===== Material provided

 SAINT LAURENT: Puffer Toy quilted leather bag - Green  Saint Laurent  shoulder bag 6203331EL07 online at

==========
===== Material provided

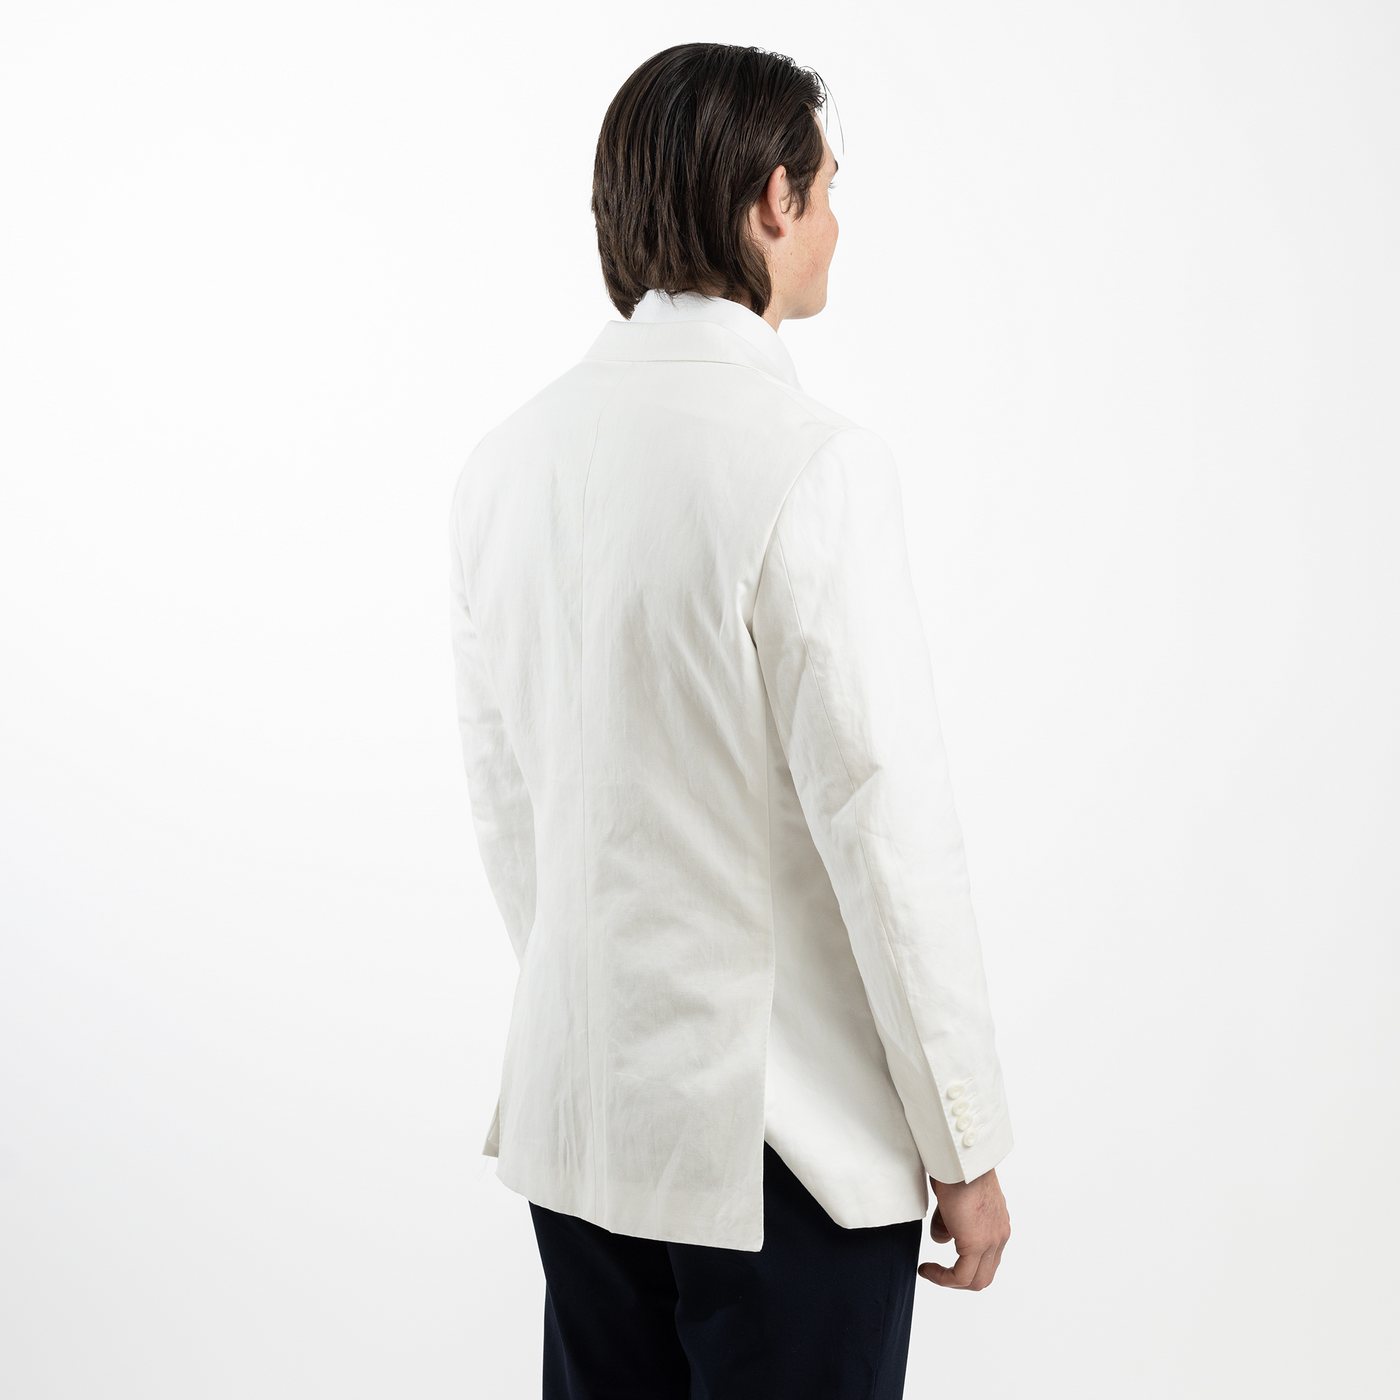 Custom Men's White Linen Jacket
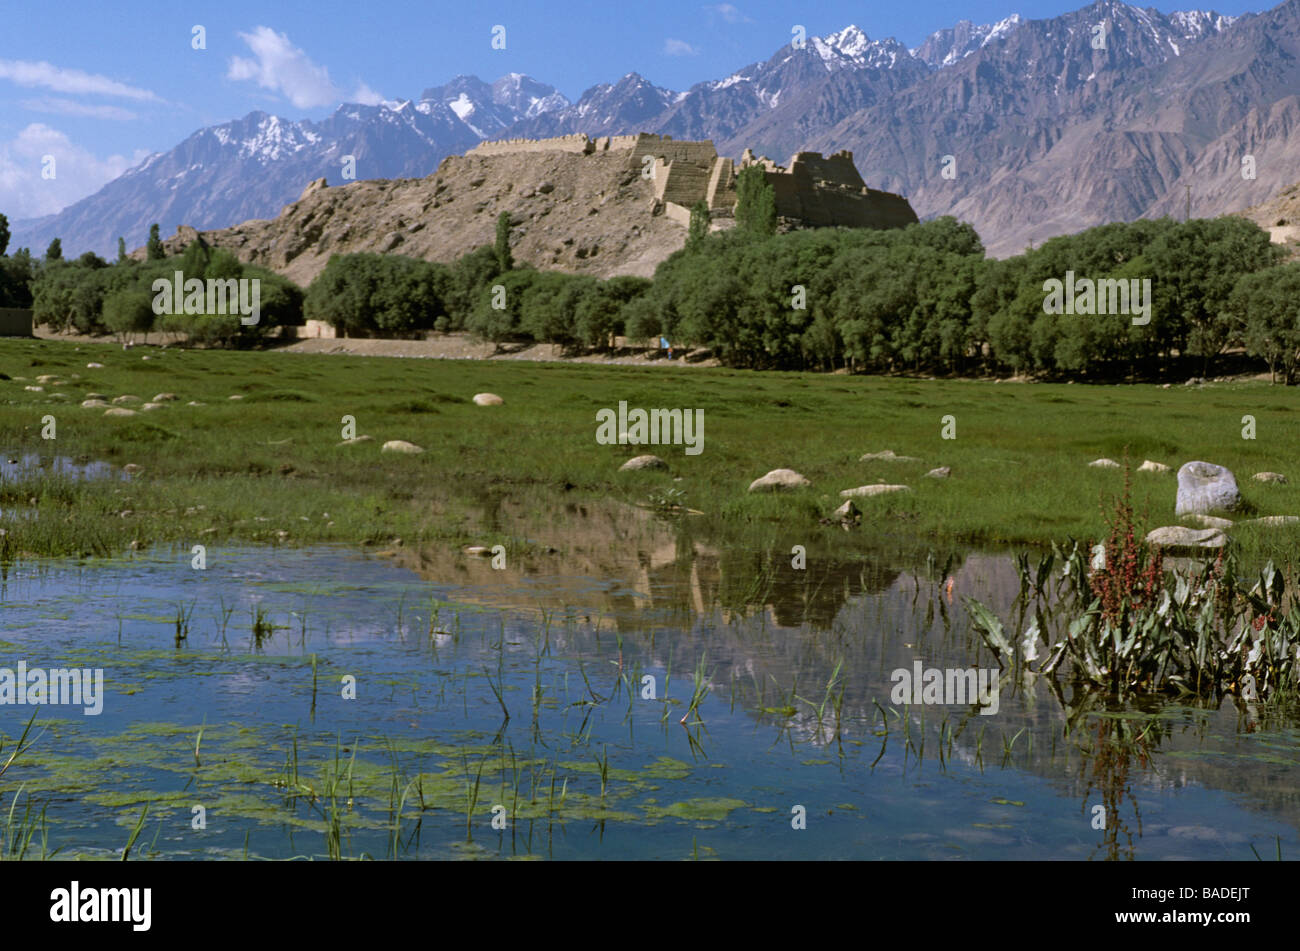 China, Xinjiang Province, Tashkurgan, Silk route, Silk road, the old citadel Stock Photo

==========
===== Material provided

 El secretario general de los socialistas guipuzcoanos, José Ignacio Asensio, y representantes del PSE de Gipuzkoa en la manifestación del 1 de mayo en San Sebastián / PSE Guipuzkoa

==========

[Your goal]: Output exactly the stretch of the listing that begins at the line containing "Custom Men's White Linen Jacket" and ends at the line containing "China, Xinjiang Province, Tashkurgan, Silk", both kept. Omit pictures and everything else.

[Output of the task]:
 Custom Men's White Linen Jacket
 China, Xinjiang Province, Tashkurgan, Silk route, Silk road, the old citadel Stock Photo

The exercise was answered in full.